Copy exactly the lines of the records below, and only those lines, beginning with the line that contains "Billet, Australie, 10" and ending with the line that contains "Happy Birthday Zaequan".

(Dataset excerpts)
-=-=-

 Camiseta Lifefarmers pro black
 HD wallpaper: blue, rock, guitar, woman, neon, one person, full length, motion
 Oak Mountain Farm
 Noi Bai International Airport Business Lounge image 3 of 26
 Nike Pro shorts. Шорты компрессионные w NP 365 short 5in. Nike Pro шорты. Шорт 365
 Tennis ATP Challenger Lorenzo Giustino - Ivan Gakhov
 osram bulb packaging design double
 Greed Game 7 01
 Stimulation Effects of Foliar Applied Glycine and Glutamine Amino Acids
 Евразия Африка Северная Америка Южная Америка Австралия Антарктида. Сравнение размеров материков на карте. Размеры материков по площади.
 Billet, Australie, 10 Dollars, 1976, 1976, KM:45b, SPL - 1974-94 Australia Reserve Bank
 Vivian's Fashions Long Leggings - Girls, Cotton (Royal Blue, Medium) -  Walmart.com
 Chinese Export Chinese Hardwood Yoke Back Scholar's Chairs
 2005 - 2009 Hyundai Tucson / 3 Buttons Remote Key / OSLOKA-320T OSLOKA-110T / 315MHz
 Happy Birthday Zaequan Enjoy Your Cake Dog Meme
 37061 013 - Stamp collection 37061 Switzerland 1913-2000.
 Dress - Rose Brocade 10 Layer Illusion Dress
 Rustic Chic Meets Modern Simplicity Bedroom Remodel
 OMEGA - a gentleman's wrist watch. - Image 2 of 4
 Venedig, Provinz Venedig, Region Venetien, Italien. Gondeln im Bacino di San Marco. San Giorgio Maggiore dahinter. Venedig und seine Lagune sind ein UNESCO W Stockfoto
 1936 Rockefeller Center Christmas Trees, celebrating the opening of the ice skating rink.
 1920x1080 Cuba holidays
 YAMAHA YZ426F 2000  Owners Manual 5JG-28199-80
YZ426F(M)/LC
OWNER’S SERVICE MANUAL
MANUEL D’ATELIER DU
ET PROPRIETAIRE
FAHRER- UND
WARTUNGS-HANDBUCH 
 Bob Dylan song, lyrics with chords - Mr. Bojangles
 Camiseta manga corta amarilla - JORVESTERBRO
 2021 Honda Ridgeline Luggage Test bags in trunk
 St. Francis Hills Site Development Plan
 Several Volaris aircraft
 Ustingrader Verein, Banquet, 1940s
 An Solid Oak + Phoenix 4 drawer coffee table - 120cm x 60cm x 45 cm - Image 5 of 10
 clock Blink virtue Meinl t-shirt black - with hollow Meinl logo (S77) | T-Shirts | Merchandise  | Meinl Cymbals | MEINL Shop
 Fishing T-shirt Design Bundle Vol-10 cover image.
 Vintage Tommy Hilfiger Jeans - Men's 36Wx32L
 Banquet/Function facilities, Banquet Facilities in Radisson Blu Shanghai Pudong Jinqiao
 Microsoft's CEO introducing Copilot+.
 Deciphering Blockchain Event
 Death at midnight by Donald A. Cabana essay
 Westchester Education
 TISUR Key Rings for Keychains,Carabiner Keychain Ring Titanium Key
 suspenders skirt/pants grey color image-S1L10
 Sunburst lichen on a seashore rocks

-=-=-

** Written answer **
 Billet, Australie, 10 Dollars, 1976, 1976, KM:45b, SPL - 1974-94 Australia Reserve Bank
 Vivian's Fashions Long Leggings - Girls, Cotton (Royal Blue, Medium) -  Walmart.com
 Chinese Export Chinese Hardwood Yoke Back Scholar's Chairs
 2005 - 2009 Hyundai Tucson / 3 Buttons Remote Key / OSLOKA-320T OSLOKA-110T / 315MHz
 Happy Birthday Zaequan Enjoy Your Cake Dog Meme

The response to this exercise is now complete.